Everyone’s favorite creamy super-fruit contains a special blend of antioxidants and unsaturated fats, which work together to fight inflammation fast. While you could keep it basic with avo toast for breakfast, you won’t regret also getting your fix at dinner with Pan Seared Tuna Tacos with Avocado Mango Salsa, Spaghetti with Spinach-Avocado Sauce, and a Strawberry Avocado Salad, which also incorporates berries, another anti-inflammatory food.
This brightly-hued spice is not only seriously trendy right now, but also contains a compound called curcumin, which helps to relieve symptoms of inflammation-related issues. Start your day with a Turmeric Latte made with almond milk and an Omelet with Turmeric, Tomato, and Onions. Then, incorporate the spice into your dinner sides with the help of this Roasted Cauliflower with Turmeric and Cumin.

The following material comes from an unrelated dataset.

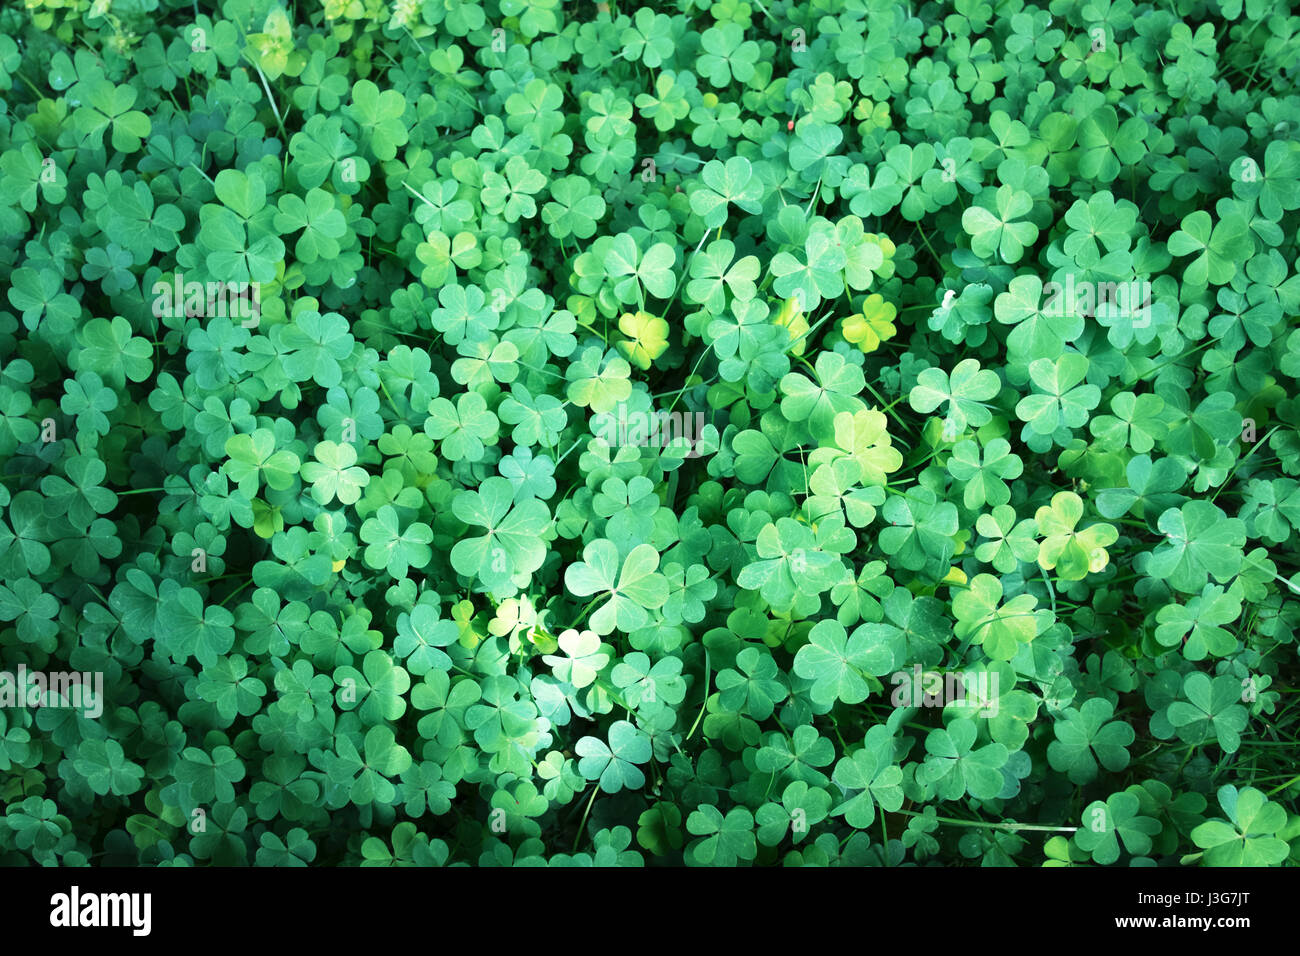 Green clover plant texture. Symbol of Saint Patrick holiday in Ireland. Can be used like background Stock Photo

Broccoli, as well as its cruciferous veggie relatives like cauliflower, Brussels sprouts, kale, and cabbage, is packed with anti-inflammatory phytochemicals, which will help reduce your risk of cancer. And while plain steamed broccoli is a bit of a bore, a Soba Noodle Salad with Chicken and Broccoli, Broccoli Salad with Cider Dressing, or Shaved Broccoli and Brussels Sprout Slaw will leave you and your dinner companions wanting more.
This delicious fungi variety is shown to improve immune system health overall and lower inflammatory markers, along with its Oyster and Enoki cousins. Dishes like Shiitake and Sweet Pea Risotto, Chicken and Shiitake Marsala, and Quinoa with Leeks and Shiitake Mushrooms will be so tasty you’ll forget you’re also doing something great for your health.
Packed with lycopene, a chemical compound shown to reduce and suppress inflammation, tomatoes are an easy bet for getting a healthy dose of anti-inflammatory foods. Stick with the classics, like Roasted Tomatoes and One Pot Pasta with Tomato Basil Sauce, or get a little more adventurous with Cumin-Spiced Chicken with Chunky Tomato Sauce.
This leafy green vegetable is packed with an amazing mix of antioxidants that simultaneously reduce inflammation and give your immune system a boost. To get the most significant nutritional boost from the greens, serve them uncooked, as a Spinach Salad with Tahini Vinaigrette, Spinach Quinoa Salad with Shrimp, or Spinach Salad with Berries and Goat Cheese.
This summer staple helps to lower levels of one of the key blood proteins used to measure inflammation, offering relief from inflammatory ailments. While there are plenty of cherry desserts to pick from, reduce your sugar intake by trying your hand at a savory cherry recipe like Pork Tenderloin with Cherries and Shallots or a Grilled Chicken Salad with Cherries.